Screenshot Capture - 2025-06-03 - 14-52-33.png (627×2 px, 110 KB)

exactly 90K events in 15 minutes (ie. 100/sec) but distributed in an uneven, sawtooth pattern of exactly 15K events in a roughly 1-minute window and then zero events for a slightly less than 1-minute or 2-minute interval (those two lengths seem to be alternating). So maybe a combination of a 15K/60s cap and a 30K/300s cap?

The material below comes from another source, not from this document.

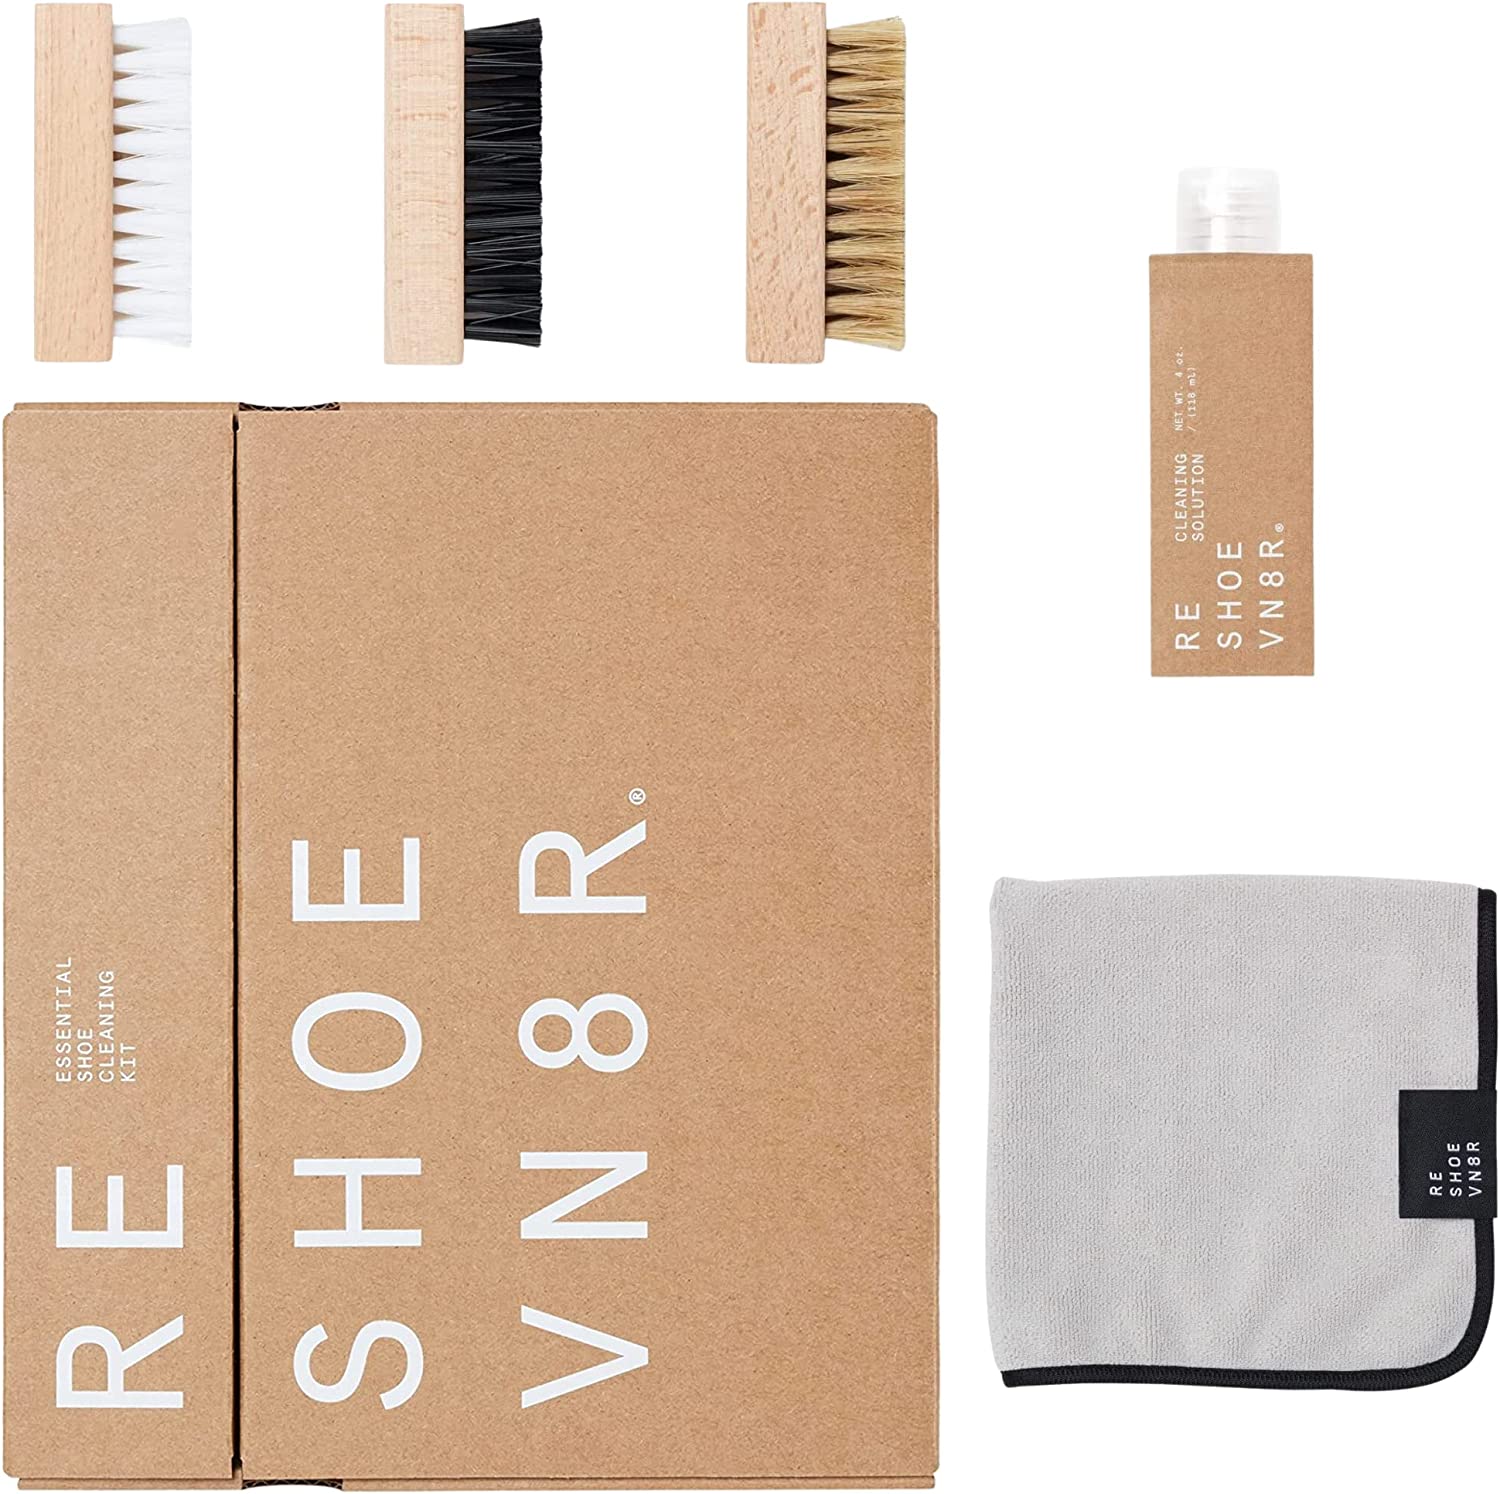 Reshoevn8r All-In-1 Essential Suede Shoe Cleaner Kit
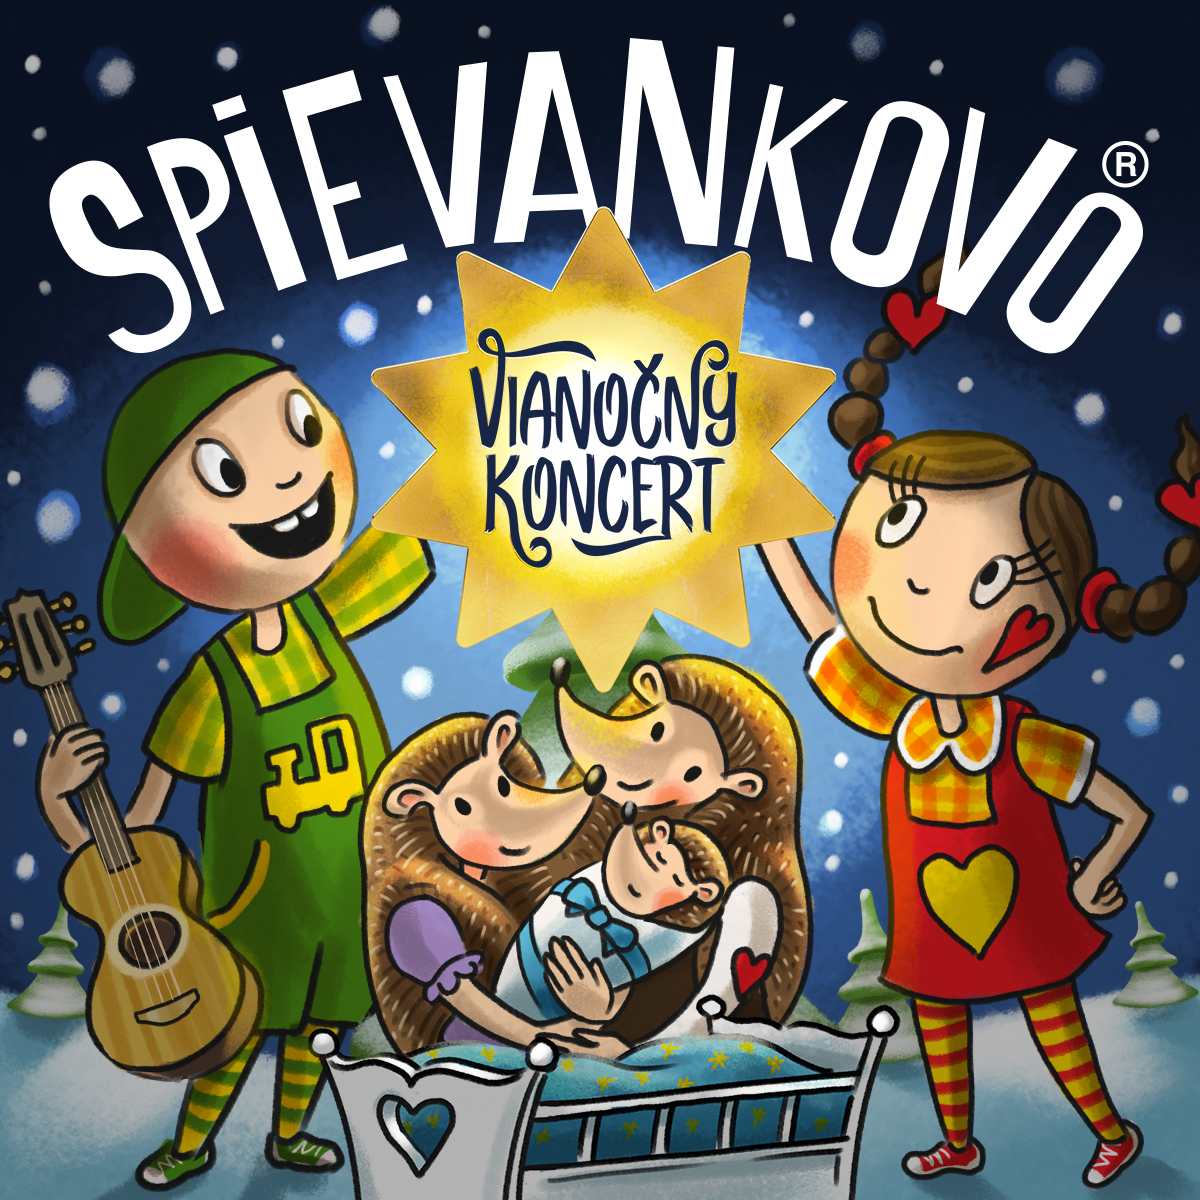 picture SPIEVANKOVO - vianočny koncert

While this is probably a good thing (the log stream where I noticed this ended up much higher volume than I thought, and without such filtering would have tripled the total MediaWiki log volume), it doesn't seem to be documented anywhere and it can cause a lot of confusion. (Docs I checked: wikitech:Logstash, especially the Configuration, Gotchas and Troubleshooting sections; wikitech:Logs#mwlog1002:/srv/mw-log/; wikitech:Rsyslog; wikitech:Kafka#logging (eqiad and codfw)). Nor did I find any guidance on what would be an acceptable level of log volume for a new event or MediaWiki logs in total.

Event Timeline

I skimmed codesearch results for 100/6000/30000 but did not see anything relevant. The rsyslog config has RateLimit.Burst=100 for MediaWiki but that doesn't really match the behavior.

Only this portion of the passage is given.